The SciPy command for this decomposition is linalg.lu
. If the intent for performing LU decomposition is for solving linear systems then the command linalg.lu_factor
should be used followed by repeated applications of the command linalg.lu_solve
to solve the system for each new right-hand-side.
The command linalg.cholesky
computes the cholesky factorization.
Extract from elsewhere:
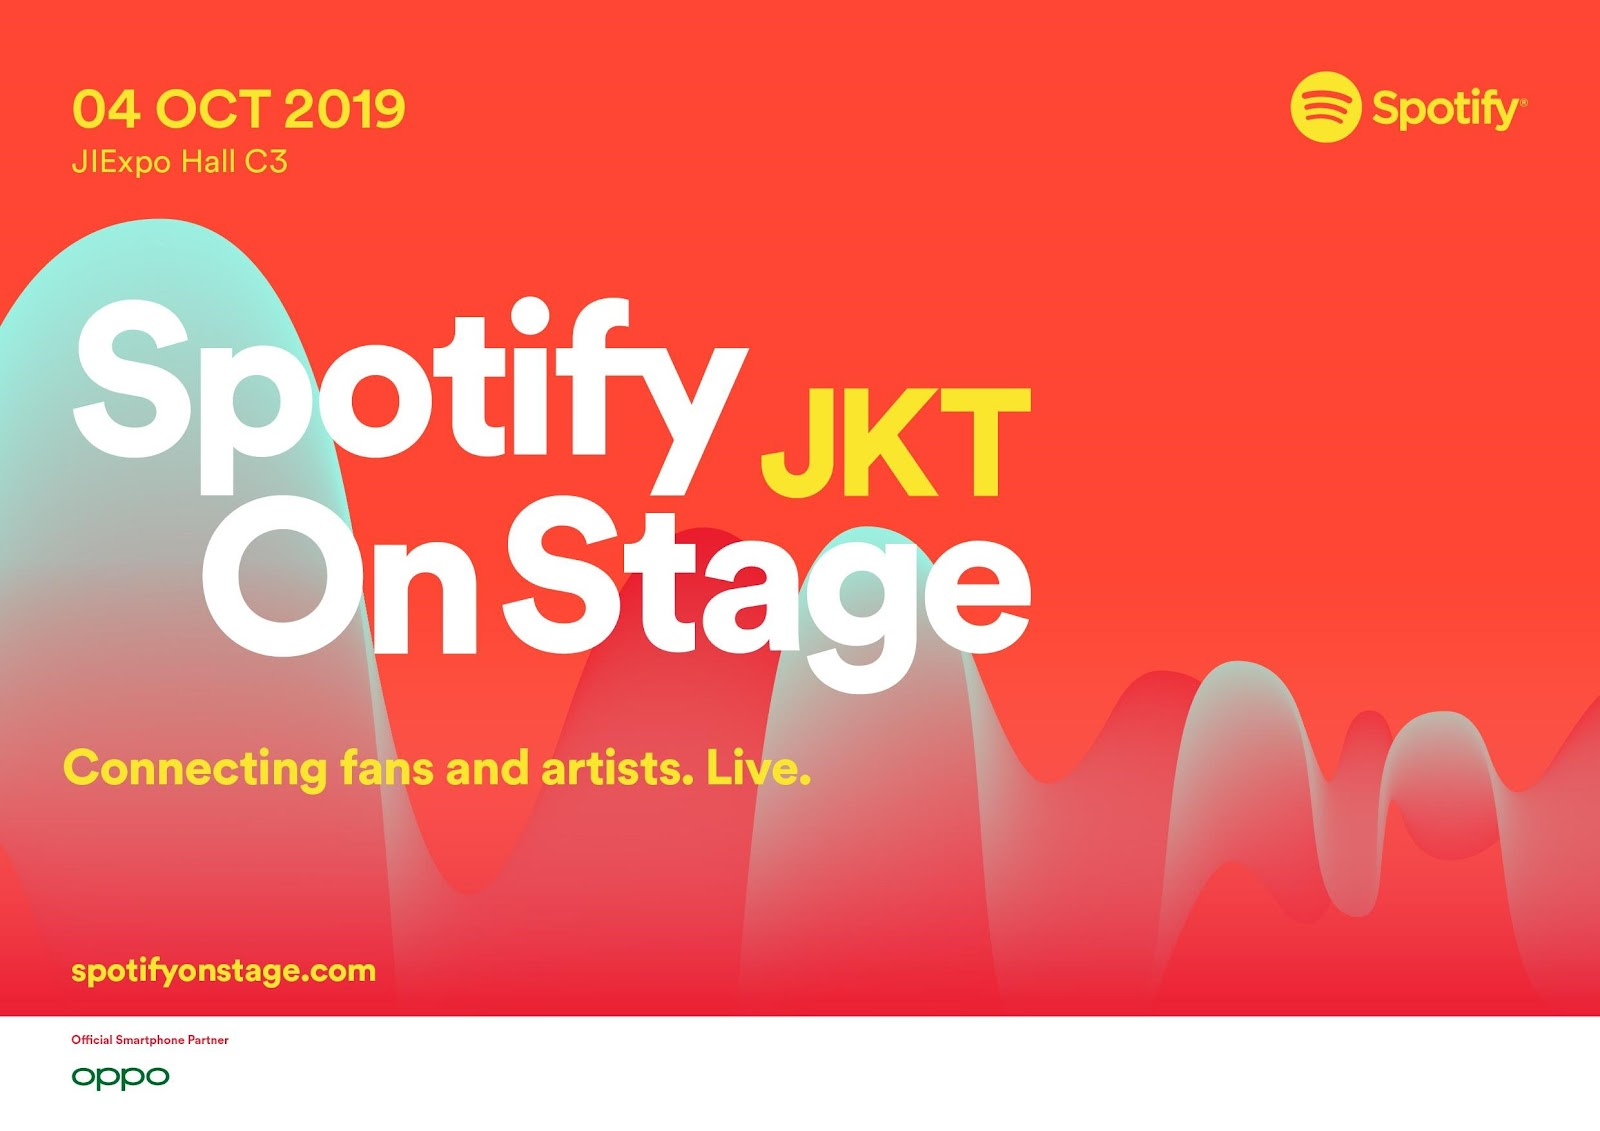 spotify-on-stage-hadir-lagi-dengan-line-up-artis-lebih-seru

For using Cholesky factorization to solve systems of equations there are also linalg.cho_factor
and linalg.cho_solve
routines that work similarly to their LU decomposition counterparts.
A large number of probability distributions as well as a growing library of statistical functions are available in scipy.stats
. See http://docs.scipy.org/doc/scipy/reference/stats.html for a complete list.
from scipy.stats import norm
r = norm.rvs(loc=0, scale=1, size=1000)
mean, var, skew, kurt = norm.stats(moments='mvsk')
This example computes a least-squares regression for two sets of measurements.
from scipy import stats
import numpy as np
x = np.random.random(10)
y = np.random.random(10)
slope, intercept, r_value, p_value, std_err = stats.linregress(x,y)
print({'slope':slope,'intercept':intercept})
print({'p_value':p_value,'r-squared':round(r_value**2,2)})
{'slope': 0.0016389519609387667, 'intercept': 0.5367248508312181} {'p_value': 0.9950296225204127, 'r-squared': 0.0}
The minimize
function provides a common interface to unconstrained and constrained minimization algorithms for multivariate scalar functions in scipy.optimize
import numpy as np
from scipy.optimize import minimize
def rosen(x):
"""The Rosenbrock function"""
return sum(100.0*(x[1:]-x[:-1]**2.0)**2.0 + (1-x[:-1])**2.0)
x0 = np.array([1.3, 0.7, 0.8, 1.9, 1.2])
## Calling the minimize() function
res = minimize(rosen, x0, method='nelder-mead',
options={'xtol': 1e-8, 'disp': True})
print(res.x)
Optimization terminated successfully. Current function value: 0.000000 Iterations: 339 Function evaluations: 571 [1. 1. 1. 1. 1.]